Work required: Go through the records below and copy out every line holding "rose".

** Opening Data for this exercise block **

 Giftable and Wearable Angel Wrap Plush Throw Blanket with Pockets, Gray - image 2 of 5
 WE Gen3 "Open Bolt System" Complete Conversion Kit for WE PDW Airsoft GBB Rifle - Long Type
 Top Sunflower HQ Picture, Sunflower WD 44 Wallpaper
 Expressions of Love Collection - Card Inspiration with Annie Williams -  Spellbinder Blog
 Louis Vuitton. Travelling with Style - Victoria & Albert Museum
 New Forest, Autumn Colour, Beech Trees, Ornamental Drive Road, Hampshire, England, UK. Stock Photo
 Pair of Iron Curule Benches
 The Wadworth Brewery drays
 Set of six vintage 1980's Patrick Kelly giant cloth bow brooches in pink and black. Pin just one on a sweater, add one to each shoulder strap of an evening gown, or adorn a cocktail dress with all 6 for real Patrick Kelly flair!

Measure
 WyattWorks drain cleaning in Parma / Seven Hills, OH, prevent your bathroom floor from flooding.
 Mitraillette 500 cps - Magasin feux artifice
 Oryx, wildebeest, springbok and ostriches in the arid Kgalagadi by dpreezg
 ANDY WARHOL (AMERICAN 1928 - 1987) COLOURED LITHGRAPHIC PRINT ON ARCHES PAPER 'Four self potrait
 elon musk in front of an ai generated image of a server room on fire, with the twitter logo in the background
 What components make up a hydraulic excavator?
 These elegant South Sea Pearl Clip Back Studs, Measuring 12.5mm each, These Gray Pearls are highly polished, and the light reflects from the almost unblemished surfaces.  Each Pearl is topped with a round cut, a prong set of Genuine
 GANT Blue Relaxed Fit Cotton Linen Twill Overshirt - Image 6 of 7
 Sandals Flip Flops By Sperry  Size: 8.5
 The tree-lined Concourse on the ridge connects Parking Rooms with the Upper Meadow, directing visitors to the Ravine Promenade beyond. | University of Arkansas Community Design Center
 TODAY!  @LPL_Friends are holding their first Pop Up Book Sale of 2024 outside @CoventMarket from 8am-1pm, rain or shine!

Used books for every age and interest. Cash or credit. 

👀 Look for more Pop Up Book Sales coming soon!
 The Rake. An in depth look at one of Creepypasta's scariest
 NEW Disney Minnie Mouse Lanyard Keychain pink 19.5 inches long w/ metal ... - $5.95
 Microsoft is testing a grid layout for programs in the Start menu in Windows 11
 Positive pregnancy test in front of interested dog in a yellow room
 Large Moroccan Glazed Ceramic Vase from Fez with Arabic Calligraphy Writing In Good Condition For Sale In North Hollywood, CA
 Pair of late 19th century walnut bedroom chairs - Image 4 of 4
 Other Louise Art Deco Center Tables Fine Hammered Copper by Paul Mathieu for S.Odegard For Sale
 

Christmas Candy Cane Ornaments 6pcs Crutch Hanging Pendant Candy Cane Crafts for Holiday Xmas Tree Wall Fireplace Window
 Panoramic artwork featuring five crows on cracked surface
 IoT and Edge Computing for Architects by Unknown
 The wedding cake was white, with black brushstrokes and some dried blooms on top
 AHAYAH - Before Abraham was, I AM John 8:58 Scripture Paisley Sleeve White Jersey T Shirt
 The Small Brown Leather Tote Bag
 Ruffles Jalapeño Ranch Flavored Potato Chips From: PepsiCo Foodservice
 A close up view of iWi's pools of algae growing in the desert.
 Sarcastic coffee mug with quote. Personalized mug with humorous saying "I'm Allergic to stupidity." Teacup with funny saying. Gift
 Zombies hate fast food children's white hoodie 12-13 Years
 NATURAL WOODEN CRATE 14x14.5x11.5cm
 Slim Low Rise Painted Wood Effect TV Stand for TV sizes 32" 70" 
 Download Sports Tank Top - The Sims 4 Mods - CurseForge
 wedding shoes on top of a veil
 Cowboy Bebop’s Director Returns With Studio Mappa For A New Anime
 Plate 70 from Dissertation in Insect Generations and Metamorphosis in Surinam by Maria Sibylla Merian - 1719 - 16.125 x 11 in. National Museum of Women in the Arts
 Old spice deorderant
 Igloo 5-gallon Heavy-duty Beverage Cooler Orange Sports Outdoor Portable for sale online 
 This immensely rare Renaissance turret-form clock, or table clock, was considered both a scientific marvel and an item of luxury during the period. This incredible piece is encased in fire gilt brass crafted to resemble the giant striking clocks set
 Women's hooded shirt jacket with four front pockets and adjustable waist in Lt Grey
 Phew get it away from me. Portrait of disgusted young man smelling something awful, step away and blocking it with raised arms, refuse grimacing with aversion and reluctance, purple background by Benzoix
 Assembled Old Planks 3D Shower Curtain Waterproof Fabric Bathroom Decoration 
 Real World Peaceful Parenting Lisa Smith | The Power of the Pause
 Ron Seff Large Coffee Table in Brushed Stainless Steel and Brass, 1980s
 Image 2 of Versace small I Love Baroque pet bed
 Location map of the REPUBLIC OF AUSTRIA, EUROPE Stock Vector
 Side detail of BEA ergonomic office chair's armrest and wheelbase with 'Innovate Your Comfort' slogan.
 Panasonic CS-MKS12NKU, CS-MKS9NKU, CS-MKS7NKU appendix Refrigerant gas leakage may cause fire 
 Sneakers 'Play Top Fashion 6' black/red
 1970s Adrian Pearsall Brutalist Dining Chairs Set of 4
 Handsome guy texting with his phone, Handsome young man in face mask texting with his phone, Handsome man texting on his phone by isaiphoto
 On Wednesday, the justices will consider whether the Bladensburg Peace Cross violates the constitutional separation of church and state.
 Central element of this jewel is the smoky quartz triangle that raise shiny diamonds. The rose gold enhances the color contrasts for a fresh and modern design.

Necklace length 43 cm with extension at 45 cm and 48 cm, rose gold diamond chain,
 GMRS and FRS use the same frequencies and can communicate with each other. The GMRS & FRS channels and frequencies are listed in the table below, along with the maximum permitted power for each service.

** Closing Data for this exercise block **

Answer space:
 Central element of this jewel is the smoky quartz triangle that raise shiny diamonds. The rose gold enhances the color contrasts for a fresh and modern design.
Necklace length 43 cm with extension at 45 cm and 48 cm, rose gold diamond chain,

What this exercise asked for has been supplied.